Review & Verdicts
The Review Pipeline
Section titled “The Review Pipeline”When you run taste review run artifact.md, the engine executes this pipeline:
- Canon packet assembly — Selects the most relevant canon statements for this artifact
- 4-dimension scoring — LLM scores each dimension independently (0-10)
- Deterministic verdict synthesis — Rules combine scores into a final verdict
- Model synthesis — LLM generates a human-readable explanation
- Persistence — Results stored in SQLite for history and calibration
Canon Packet Selection
Section titled “Canon Packet Selection”Not every canon statement is relevant to every artifact. The engine uses rule-led retrieval to build a targeted packet:
- Hard thesis — Always included (product identity is always relevant)

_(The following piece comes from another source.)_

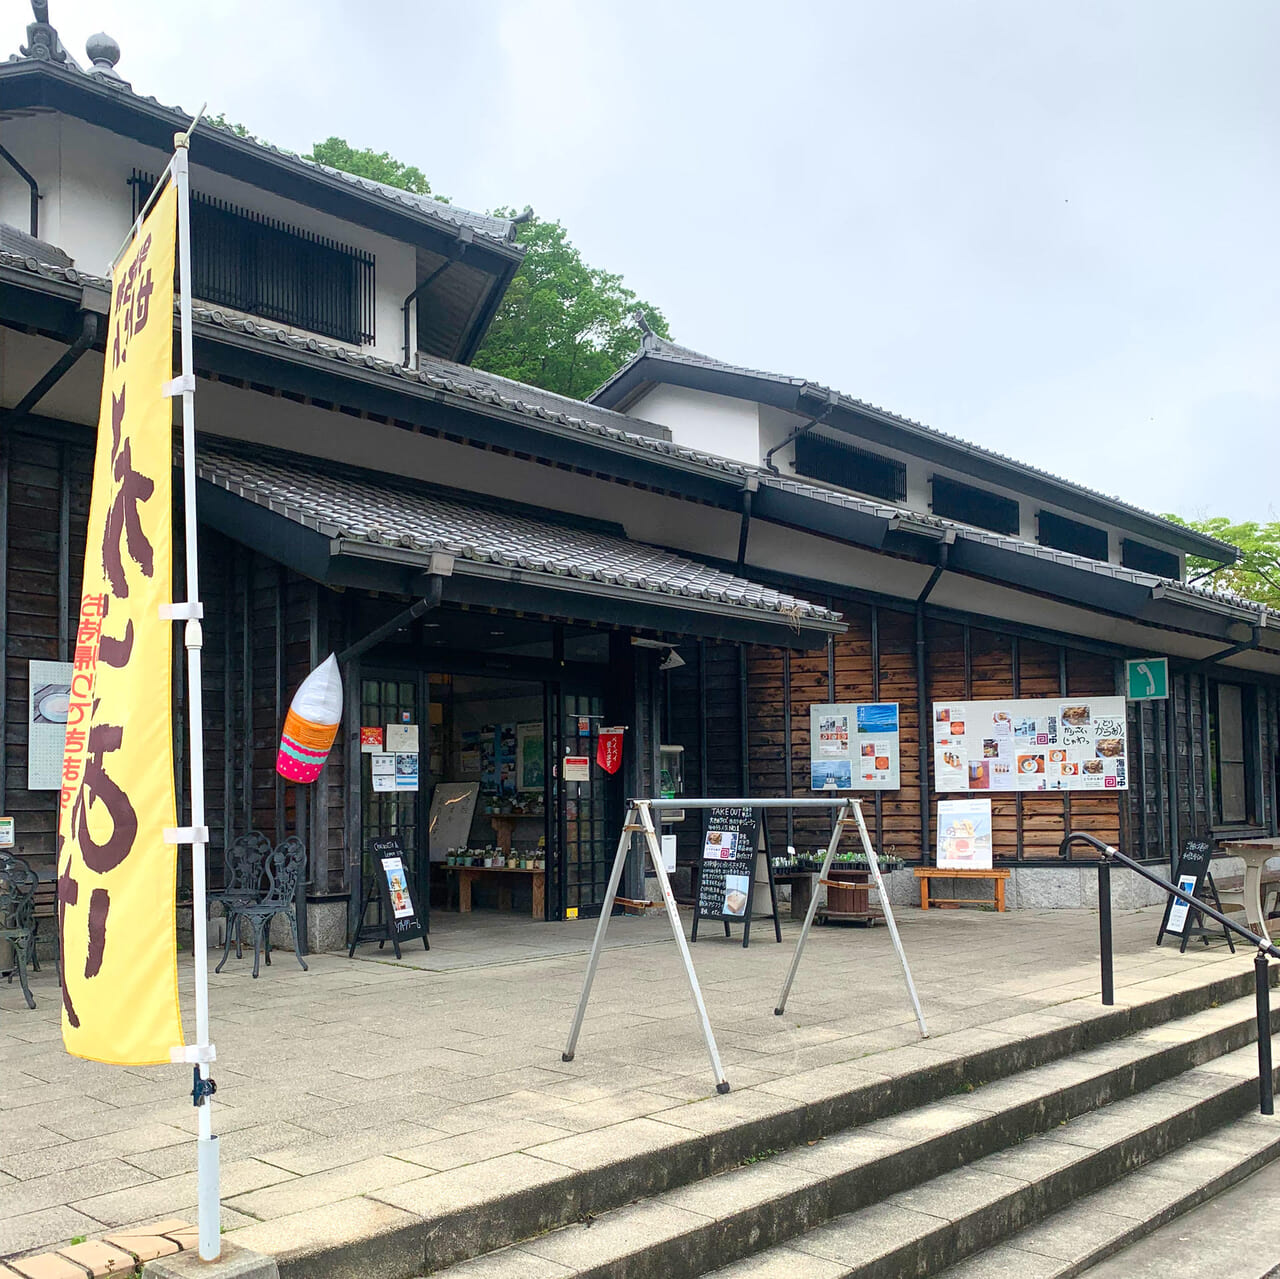 「道の駅今治 湯ノ浦温泉」は休憩にもお土産の購入にもおすすめのスポットです!!

- Anti-patterns — Priority inclusion (violations are high-signal)
- Artifact-type match — Statements scoped to this artifact type
- Scope match — Statements scoped to this area of the product
- Voice/naming — Included when relevant
- Tag/lexical match — Keyword overlap between statement and artifact
taste review packet artifact.md # Preview the canon packet without running a full review4 Scoring Dimensions
Section titled “4 Scoring Dimensions”Each dimension is scored independently by the LLM using a dimension-specific prompt:
Thesis Preservation (0-10)
Section titled “Thesis Preservation (0-10)”Does the artifact serve the product’s core thesis? A feature brief that builds on the product’s stated purpose scores high. One that pulls the product in an unstated direction scores low.
Pattern Fidelity (0-10)
Section titled “Pattern Fidelity (0-10)”Does the artifact follow established design patterns? If your canon says “all config goes in a single file,” an artifact proposing per-module configs scores low.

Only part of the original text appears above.